This nucleoside is a very powerful stimulator of the immune system but until recently the mechanism responsible for this immunostimulatory activity was unknown [1]. It appears that similarly to imiquimod, another TLR7-specific ligand and small synthetic antiviral molecule, loxoribine activates the innate immune system through Toll-like receptor 7 and that this activation requires endosomal maturation [2].

Using our HEK-Blue™ reporter cell lines expressing human or mouse TLR7 or TLR8, we demonstrated that loxoribine is a human and mouse TLR7-specific agonist. It does not stimulate TLR8, even at high concentrations (see figure)
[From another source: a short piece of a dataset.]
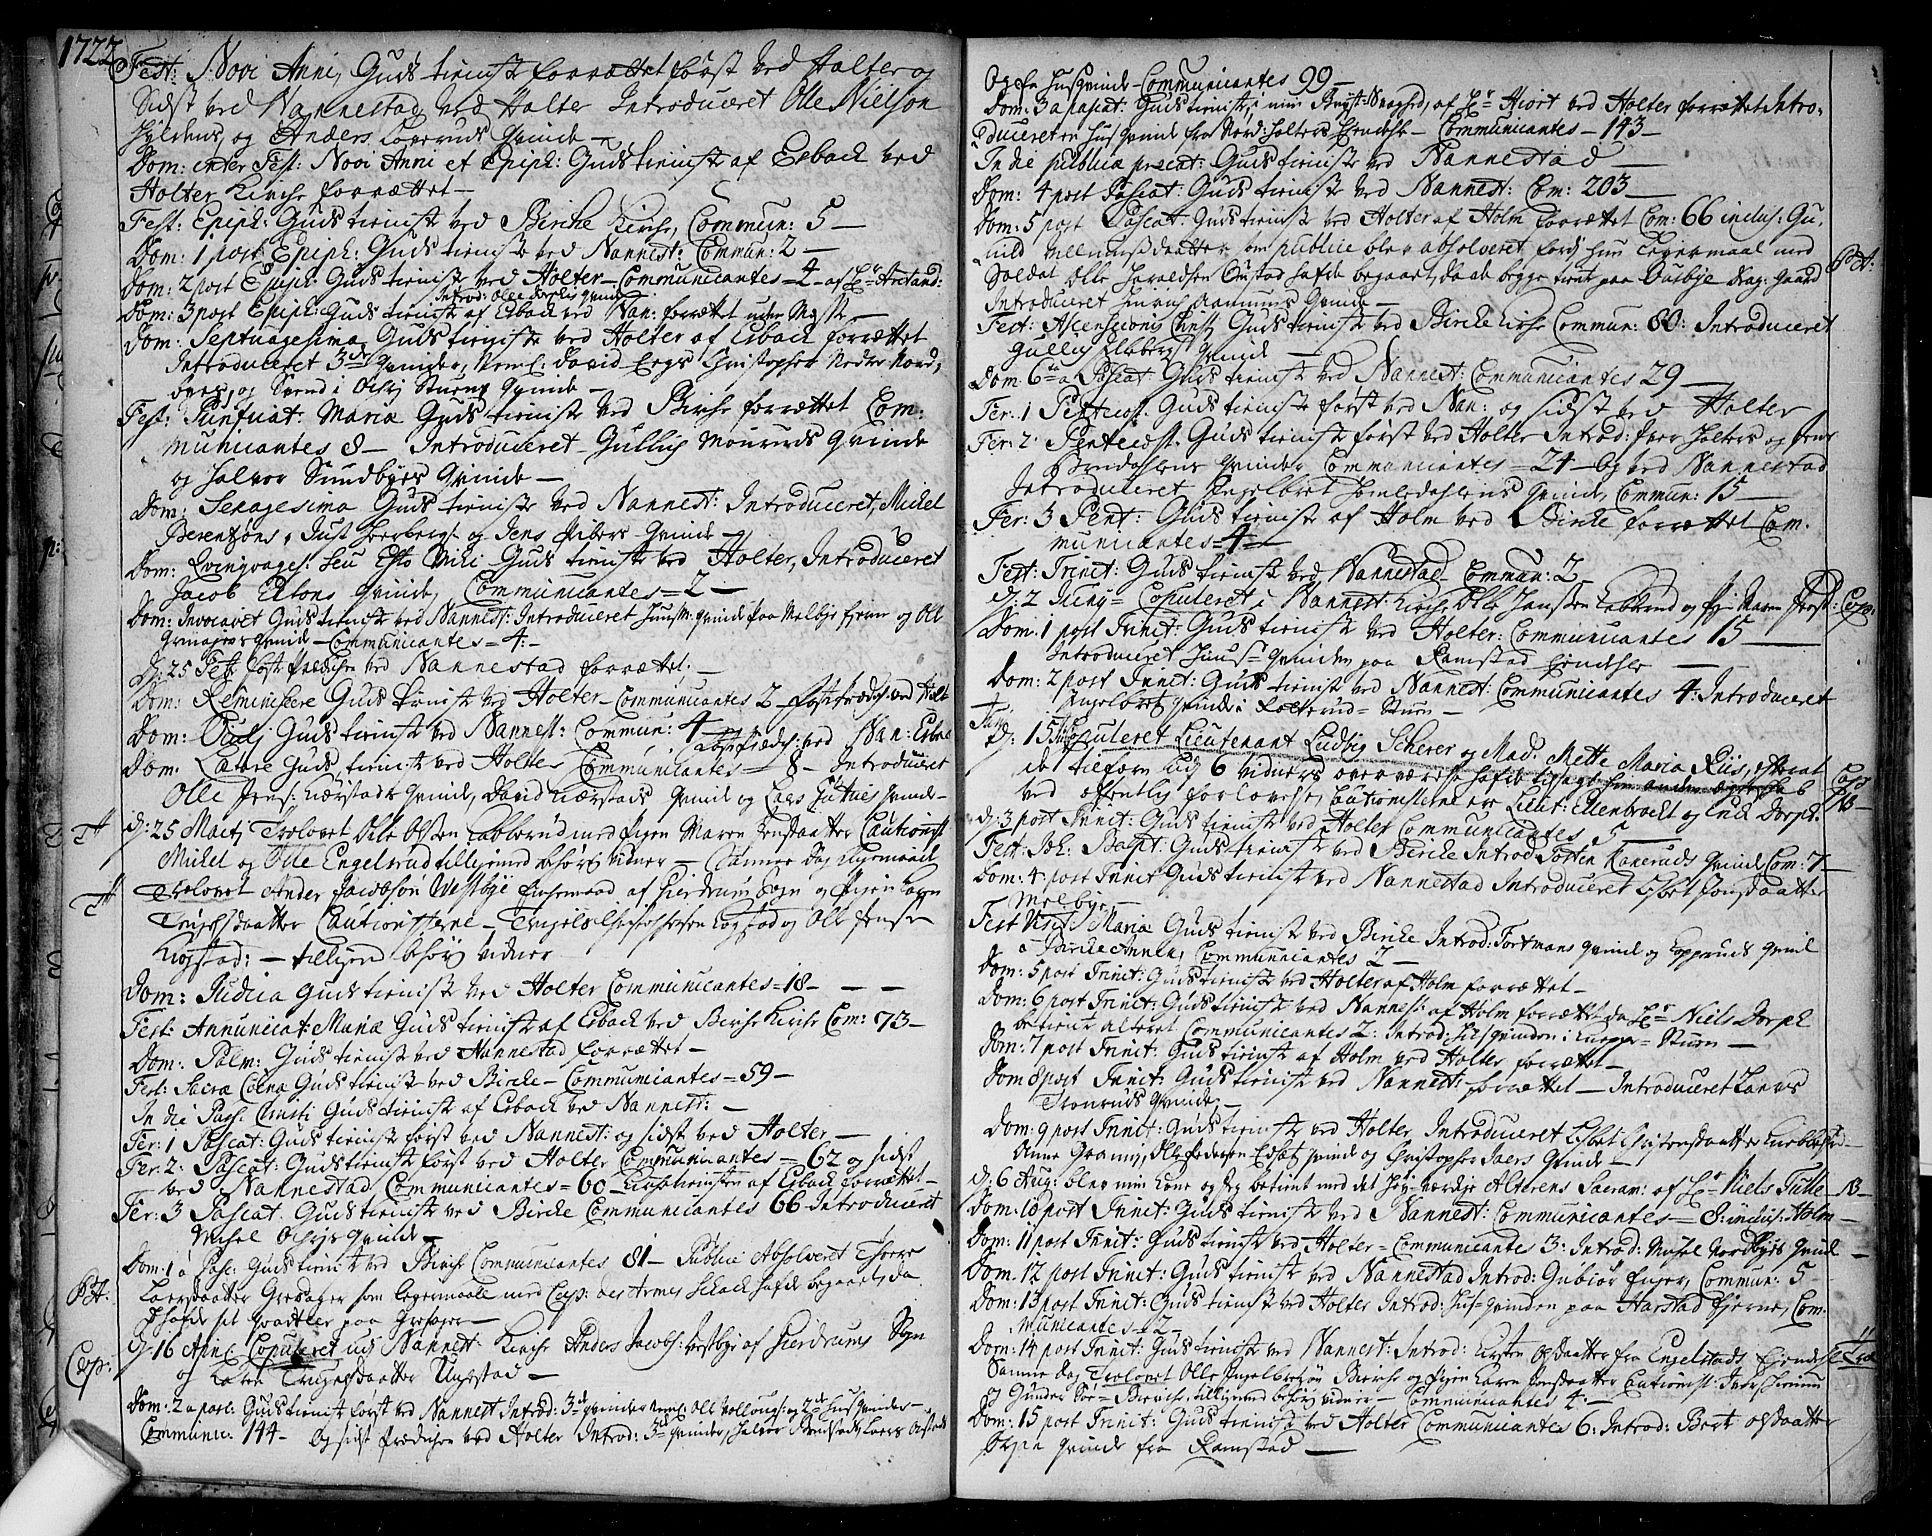 SAO, Nannestad prestekontor Kirkebøker, F/Fa/L0004: Ministerialbok nr. I 4, 1716-1753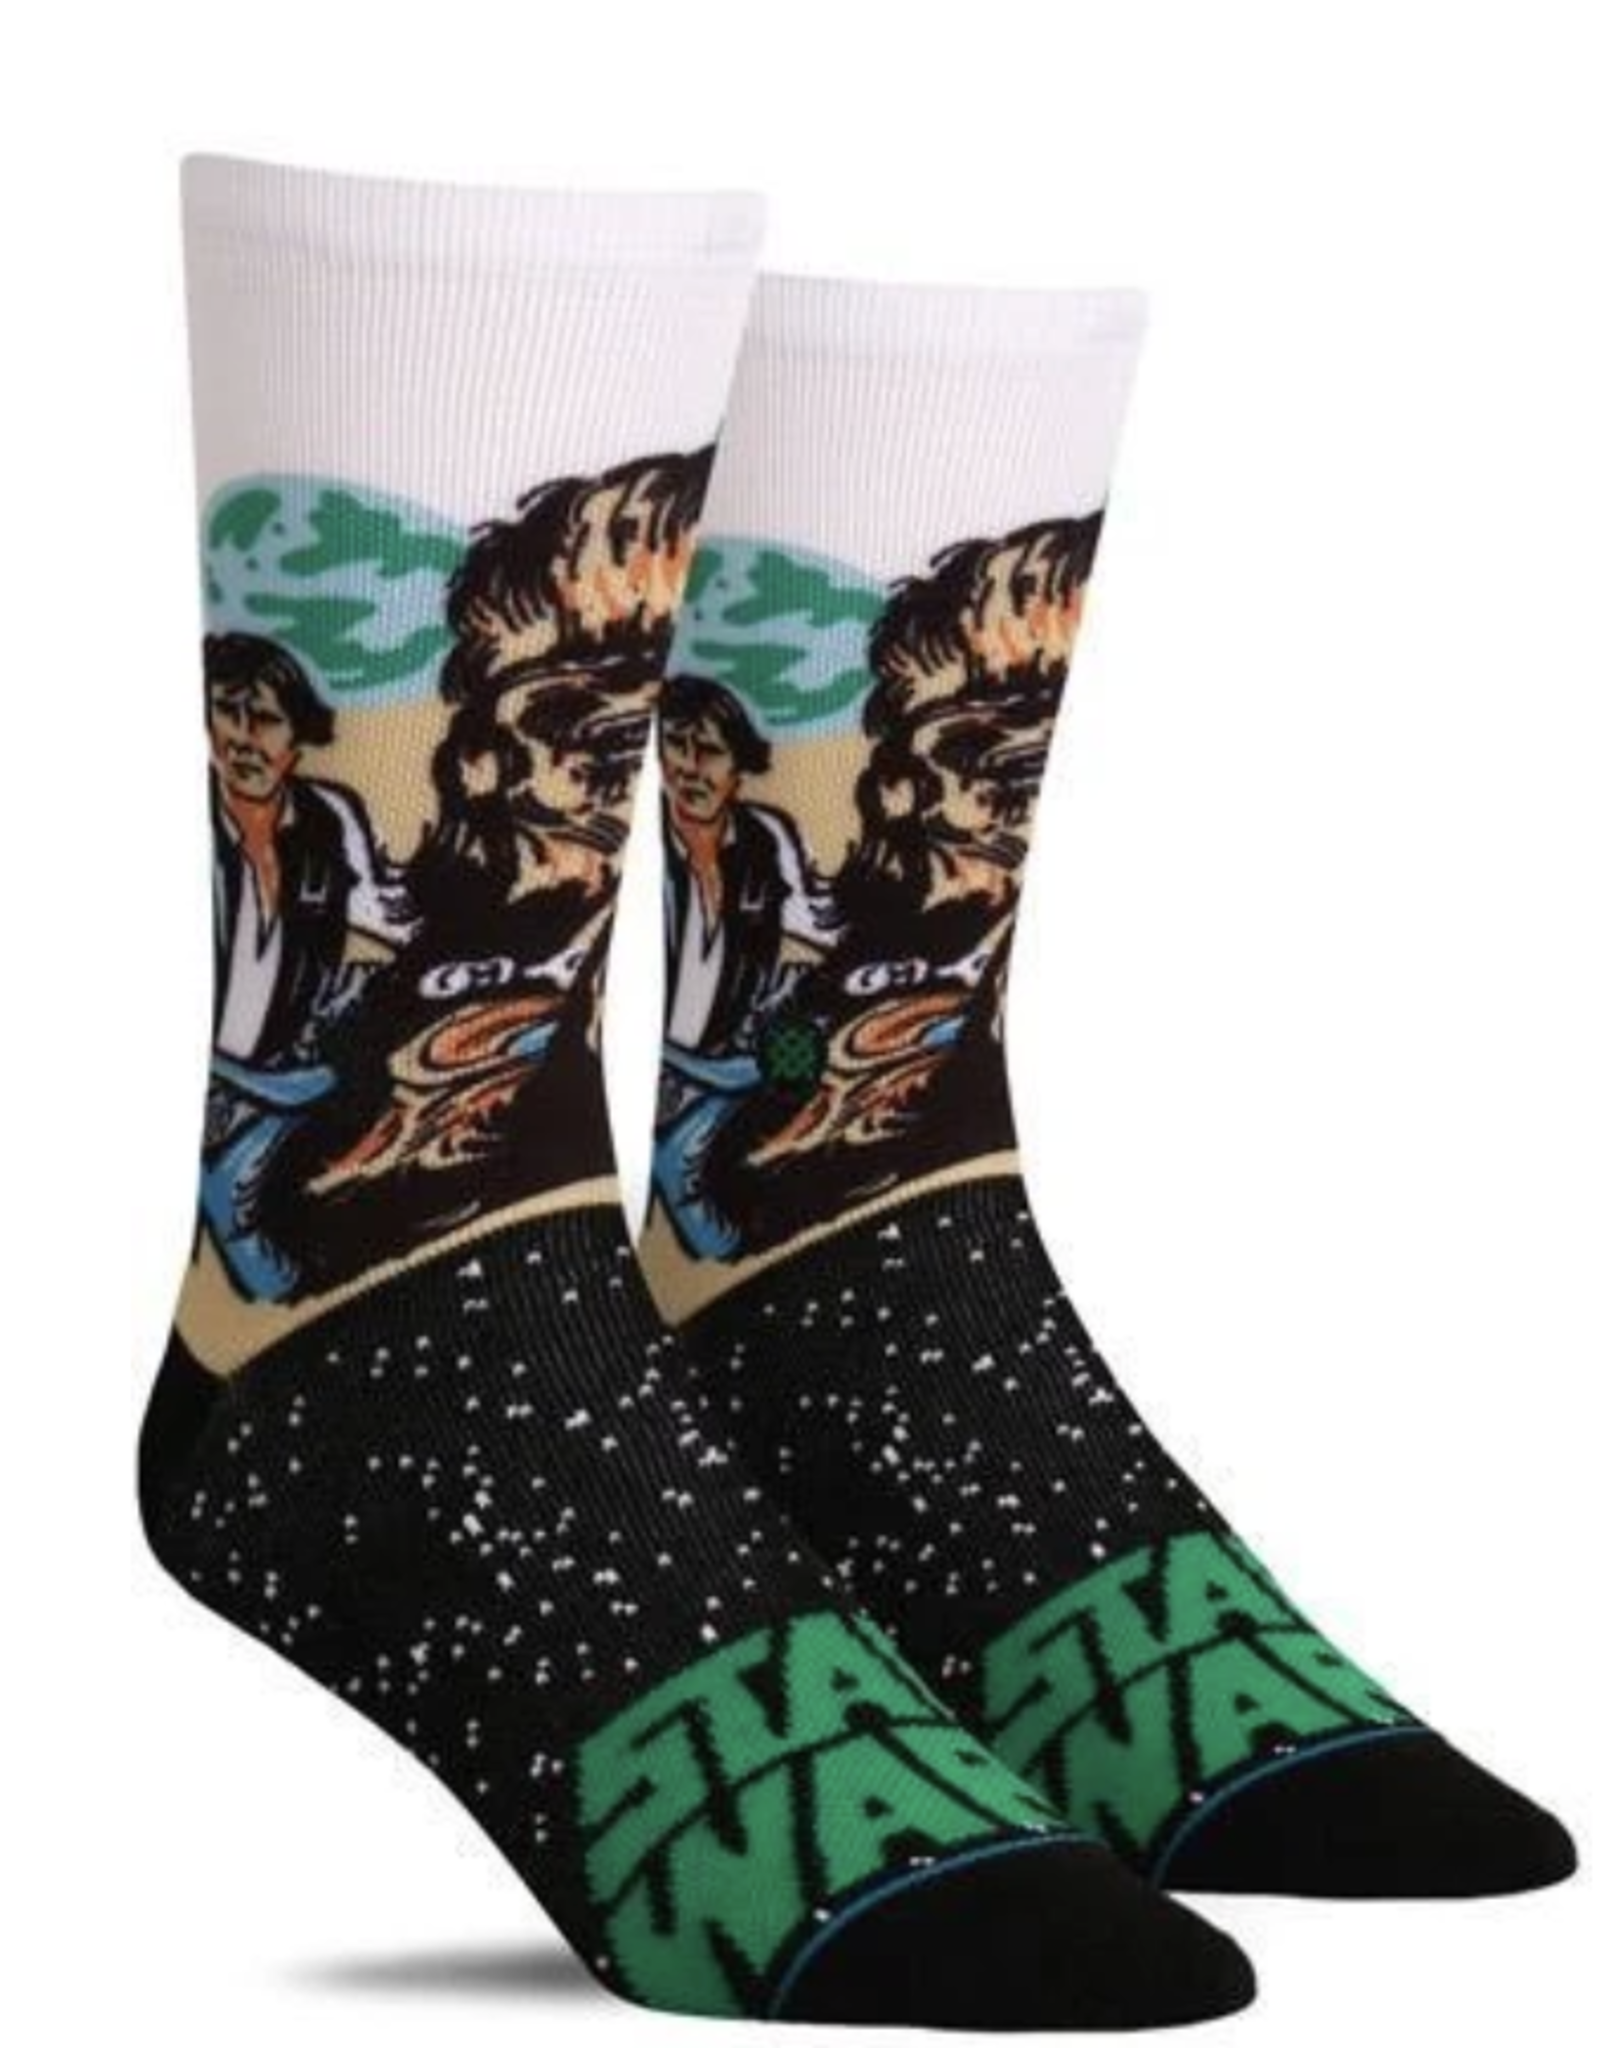 STANCE - Chewbacca Socks

Key features of Loxoribine

  • Specific agonist of human and mouse TLR7
  • Does not activate TLR8
  • Each lot of loxoribine is highly pure (≥95%) and functionally tested

 

 

References:

1. Schön M.P. & Schön M., 2008. TLR7 and TLR8 as targets in cancer therapy. Oncogene. 27:190-199. 1. Gorden KB. et al., 2005. Synthetic TLR agonists reveal functional differences between human TLR7 and TLR8. J Immunol. 174(3):1259-68.
2. Heil F. et al., 2003. The Toll-like receptor 7 (TLR7)-specific stimulus loxoribine uncovers a strong relationship within the TLR7, 8 and 9 subfamily. Eur J Immunol. 33(11):2987-97.

Figures

NF-κB response of HEK-Blue™-derived cells to loxoribine
NF-κB response of HEK-Blue™-derived cells to loxoribine

NF-κB response of HEK-Blue™-derived cells to loxoribine. HEK-Blue™ cells expressing hTLR7, mTLR7, or hTLR8 were cultured in HEK-Blue™ Detection reagent and stimulated with increasing concentrations of loxoribine. After 24h incubation, the NF-κB-induced SEAP activity was assessed by measuring the SEAP level in the supernatant. Data are shown as optical density (OD) at 650 nm (mean ± SEM). Of note, HEK-Blue™ Null* comprises data from the parental cell lines HEK-Blue Null1, HEK-Blue Null1-v, and HEK-Blue Null2-k.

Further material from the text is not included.